Part of the data backed up is shown in the figure below :
2、 Cause analysis of server failure :
At present, the preliminary understanding is based on RAID Of the group LUN Yes 6 individual , All assigned to HP-Unix Small computers use , Made by the top LVM Logic volume , The important data is Oracle Database and OA Server side . In case of failure, the performance of some disks in the server is unstable , The controller in this type of server will kick out the disk that it considers to be a bad disk RAID Group . And once RAID The dropped disk in the group reaches RAID The limit of the level allowed to drop the disk , So this RAID Will not be available , The server is down .
3、 Analysis server RAID Group structure :
Server's LUN It's all based on RAID Of the group , To recover server data, you need to analyze the underlying RAID Group information , Then reconstruct the original according to the analysis information RAID Group . The server data recovery engineer analyzed all the hard disks and found 4 The data of disk No. is different from that of other disks , I think it is hot Spare disc . Then analyze other data disks , analysis Oracle The distribution of database pages in each disk , And according to the data distribution, we get
RAID The stripe size of the Group , Disk sequence and data trend, etc RAID Important information about the group .

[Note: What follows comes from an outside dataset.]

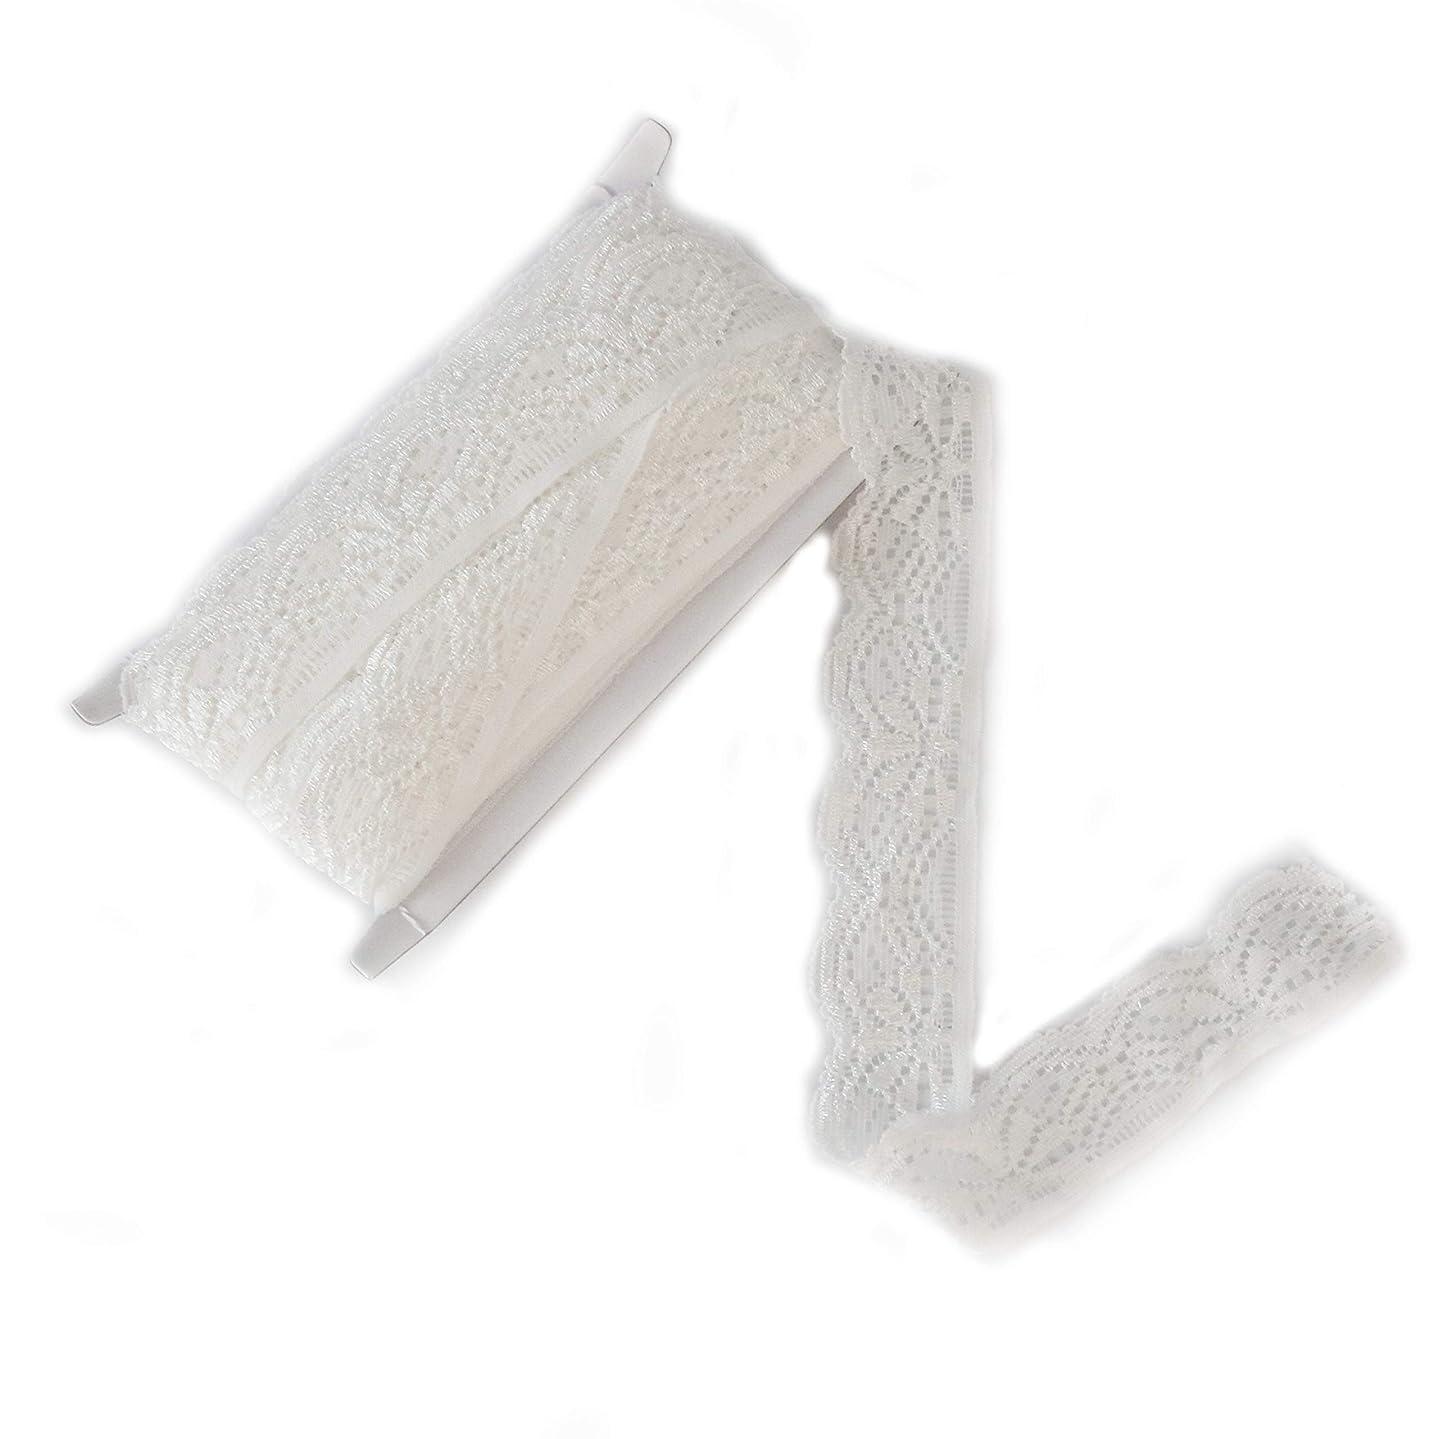 ELLAMAMA Elastic Lace Trim Soft Stretch DIY Craft Delicate Ribbon Vintage 5/8 Inch Wide 10yds for Wedding Decorations Headbands Garters (white) ddr248590291
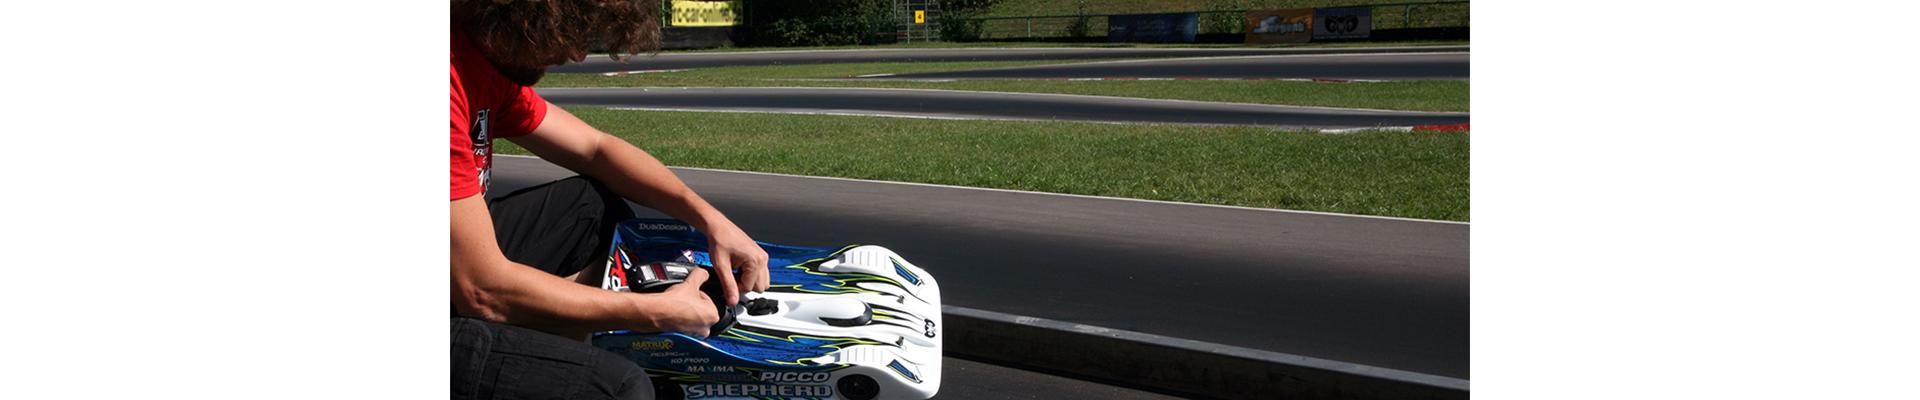 Micro racing punktgenaue temperaturkontrolle

4、 Analysis server RAID Set up the cable tray :
According to the above analysis RAID Information , Developed independently through North Asia RAID The virtual recombiner will be the original RAID Group virtual out . But because of the whole RAID There are two offline disks in the group , Therefore, we need to analyze the order of the two hard disks dropping . Carefully analyze each piece of hard disk data , It is found that the data of a hard disk on the same stripe is obviously different from other hard disks , Therefore, it is preliminarily determined that this hard disk may be the first to be disconnected , Developed independently through North Asia RAID The verification program checks this strip , Finally determine the hard disk that drops the line first .
5、 analysis RAID In group LUN Information :
because LUN Is based on RAID Of the group , So it is necessary to use the above analysis information to RAID The latest status of the group is virtualized , Then analysis LUN stay RAID Allocation in the group , as well as LUN Allocated data block MAP. Because there is 6 individual LUN, So just put each LUN Data block distribution MAP extracted , Then write the corresponding program for this information , For all LUN The data of MAP analytical , Then according to the data MAP Export all LUN The data of .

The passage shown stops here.